全身を包むローブに、背の高い帽子を被っている。巨体だ。顔つきも厳めしい。だが、目だけは柔和な弧を描いていた。
広場全体が、呆気にとられていた。
「マクシミリアンと申します。宣教師として、この狼の民の方々に、愛と秩序を説いております」
とつとつとした声なのだが、不思議とよく届いた。神官だ、と広場の誰かが囁く。
(神官?)
モノは記憶を辿る。大陸では、島とは違う教えが信じられているらしい。その教えを広めたり、教えに基づいて様々な儀式を行う人を、神官と呼ぶ。オネの教育のおかげで、そこまでの知識はあった。
純白の装束に、高い帽子。教えられた通りの格好だ。
「心配をしておりました。しかし、大事に至る前で、なによりでございました」
「何の話をしている?」
モノ達の長が訪ねた。焦らすような話術では、この神官もなかなかのものだ。
「もう、分かっておいででしょう」
マクシミリアンは悲しそうに首を振った。
「あなた方に、不穏な噂がありました。狼の民を、再び攻撃する。そしてこの島を平定した後には、大陸へも侵攻する予定、だと」
広場にざわめきが満ちた。
驚きと困惑。
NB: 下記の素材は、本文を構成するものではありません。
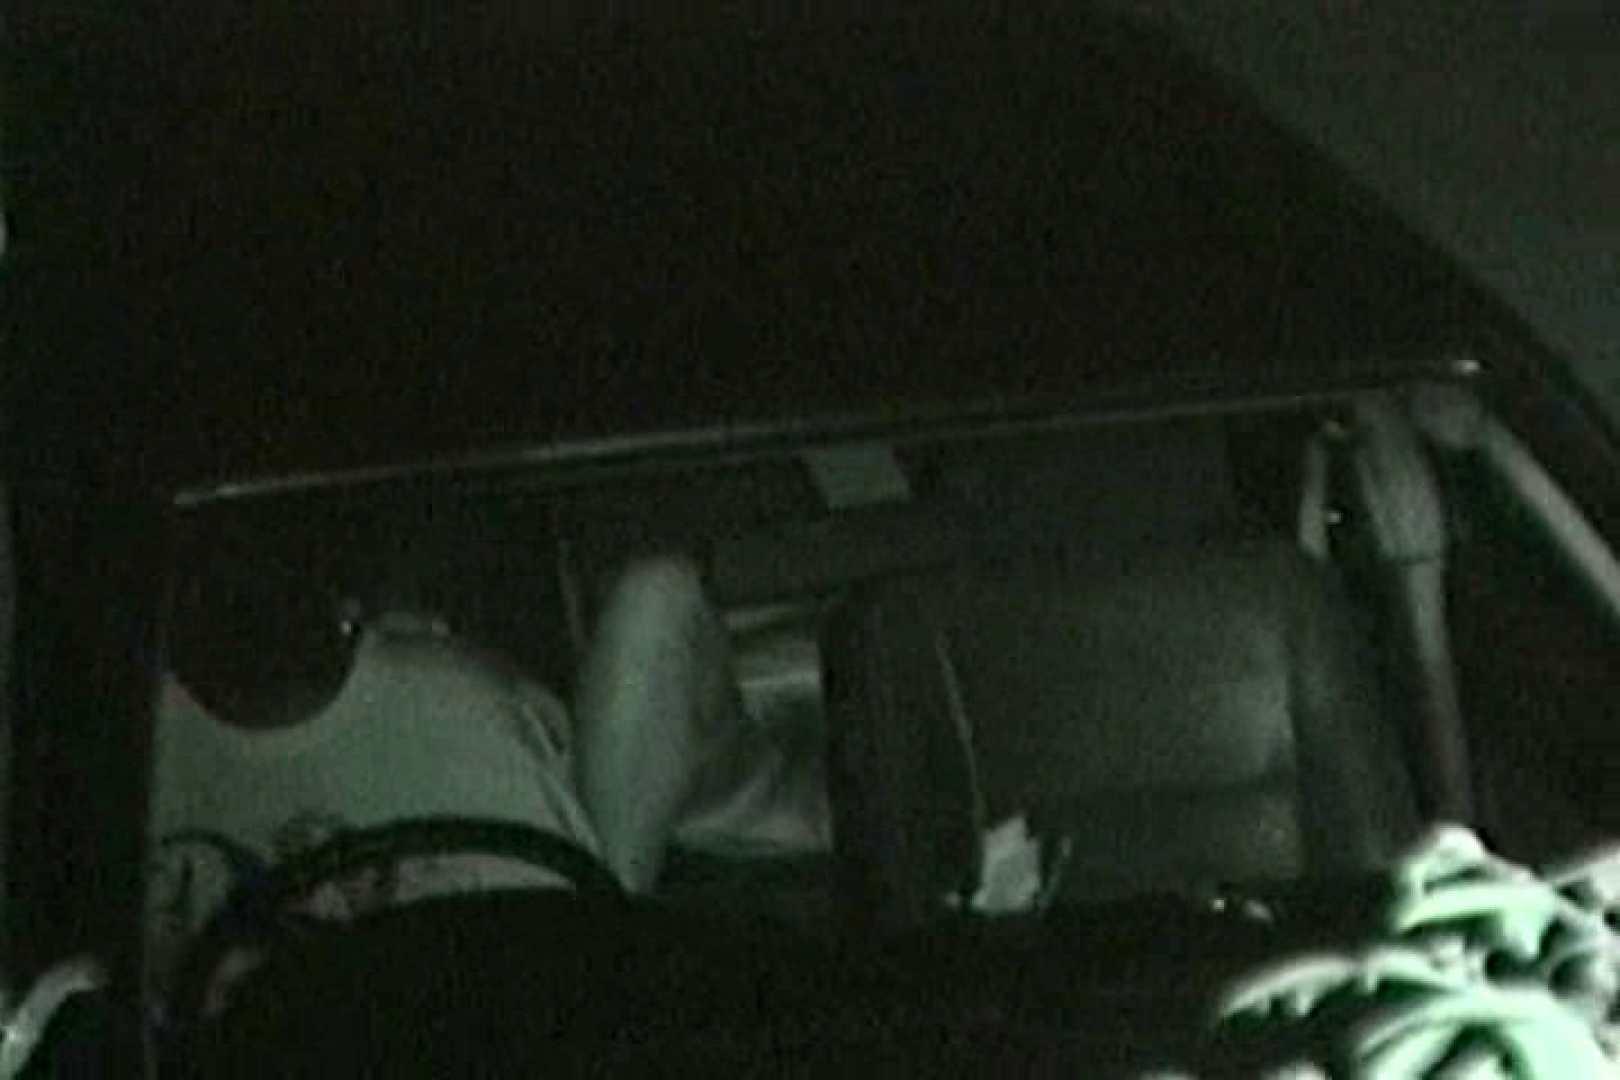 車の中はラブホテル 無修正版  Vol.8 人気シリーズ 盗み撮り動画キャプチャ 68連発 54

そして、怒り。
「言いがかりだ」
長が一族の全てを代弁した。
「そんなつもりはない。おまえ達は、どうやら悪霊の声を聞いたようだな」
「確かな情報です。悪霊などと」
マクシミリアンは、極彩色の仮面達と、目配せを交わした。
くぐもった笑い。思わず出て行って、声をあげたくなるくらい、嫌な笑い方だった。
「さて、とはいえ、もう争いの心配はありません。要求は、私から」
マクシミリアンは息を吸った。
「この村に、古い友人の血縁がおりまして。彼女を、このような危険な集落から引き取りたい」
モノははっとした。脇の下で、オットーのネズミも息を呑むのが感じられた。
「シモーネ・モノリス・フォン・デア・フリューゲル殿です! 彼女を、この集落から連れ帰らせていただきたい」
モノは気づくと、土の天井を思い切り掴んでいた。日差しが首筋に痛い。でも、体は冷え切っていた。
なんで、今?
なんで、私を?
答えのない疑問が、胸を覆い尽くす。
(お父様が、亡くなったから?)
すべては、あの文が発端なような気がした。
(放っておいてよ)
それがモノの偽らざる本音だった。
「出て行くな、モノリス」
ネズミは言った。
『モノ』という島での呼ばれ方は、本名の『モノリス』という部分を縮めたものだった。島で呼ばれやすい名前を、生家の母親が敢えて名前に混ぜたのだ。
「絶対にダメだ」
「ど、どうして」
「あいつは危ない。危険だ。君の力じゃ、どうしようもないんだ」
堪える言葉だった。今更指図されたことも、モノの癇に障った。背後に何があろうと、これはまだ、島の問題なのだ。
「どうした、早く娘を出せ!」
白狼族の長が、声を張った。大砲を見やり、肩を揺らす。
「出さねば、今度は人を壊すぞ?」
そう言って、白狼族の長は人混みから娘を連れ出した。モノも知っている子だった。さっき狩りの帰りに、モノと会ったばかりの友達だった。
乱暴な手つきで耳を掴まれ、目じりには涙が溜まっていた。
かっと胸が熱くなる。
(私がなんとかしなきゃ)
覚悟は決まった。ここで逃げたら、きっと絶対後悔する。モノは行動の女だった。